Report Describes Saskatchewan's Energy Royalty and Tax Regime as Worst in Canada - Discouraging Investment
CALGARY, Oct. 4, 2012 /CNW/ - In a report released today by The School of Public Policy, authors Jack Mintz and Duanjie Chen offer an international and interprovincial comparison of tax and royalty systems impacting the oil industry.
"As a whole, Canada falls in the middle of the pack in terms of competitiveness and neutrality," Mintz said today. "But within Canada there is a great deal of disparity across the provinces - and that disparity matters. The goal of a royalty system should be to balancing public revenues with investment. In those terms, some provinces do well, others less so."
The authors compare the energy royalty regimes of Brazil, Canada, Norway, the United Kingdom and the United States. They also evaluate individual provinces (Alberta, B.C., Saskatchewan, Newfoundland & Labrador and Nova Scotia) and states (Arkansas, Colorado, Pennsylvania and Texas). The metric used is the Marginal Effective Tax and Royalty Rate (METRR), which indicates the impact of taxes and royalties on investment.
Contrary to common perception the authors find that the fiscal burden on the energy sector is higher than that of other industrial sectors in Canada.

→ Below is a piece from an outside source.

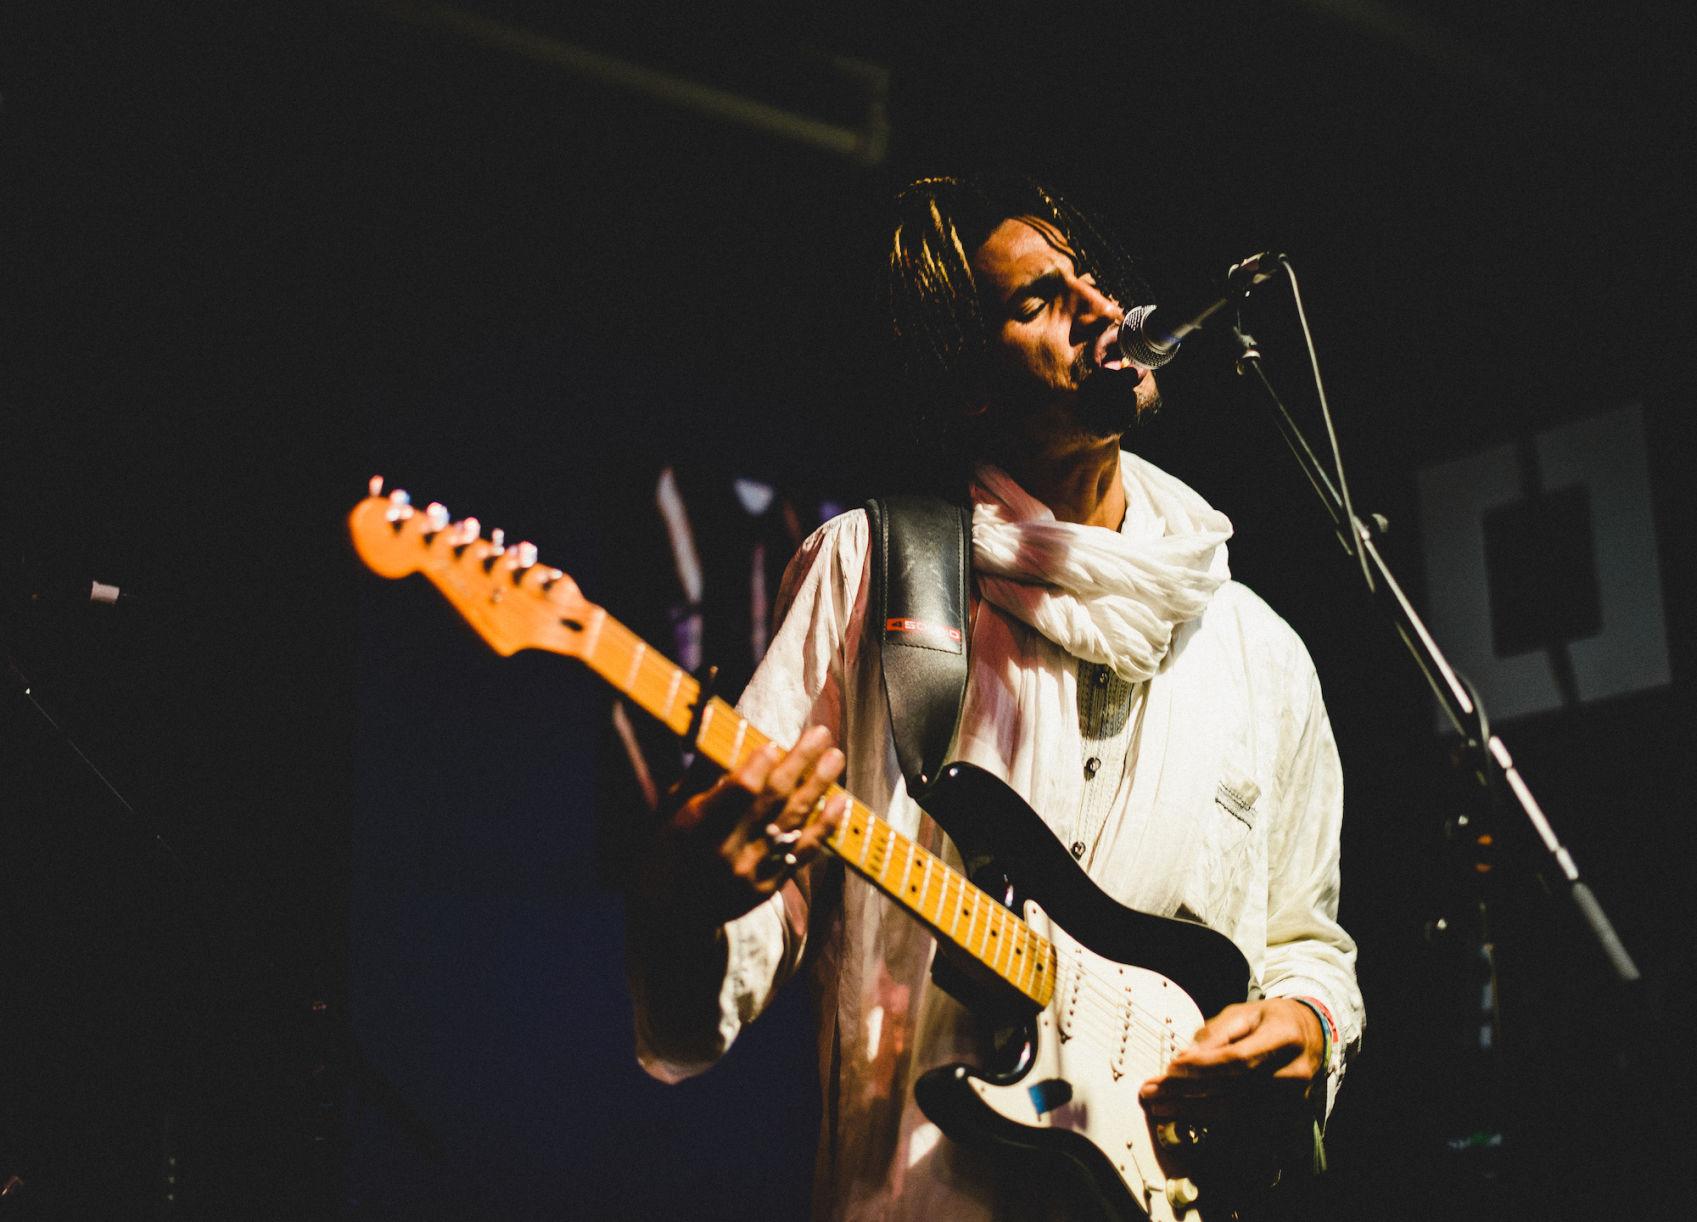 Nigerian guitarist Mdou Moctar plays mix of Tuareg music and rock at One Eyed Jacks Thursday

Within Canada, measuring conventional production, Alberta, BC and Saskatchewan actually impose the highest fiscal burdens because of revenue based royalty regimes - this discourages investment. The lowest fiscal burden is for offshore development in the Atlantic provinces. However, Saskatchewan's regime is called especially uncompetitive due to a heavy tax burden and complexity. "If Saskatchewan is serious about attracting investment in its energy sector, then an overhaul of its royalty system in in order," said Mintz.
However, the authors argue that these numbers do not tell the whole story. Mintz and Chen contend that the regime in place for the Alberta oil sands is in fact the closest to an optimal rent-based system. Although the METRR for the oil sands is quite a bit higher than it is for Nova Scotia, the regime affecting the oil sands has fewer disparities across business activities and is more in-line with the tax burdens placed on other industries within the economy.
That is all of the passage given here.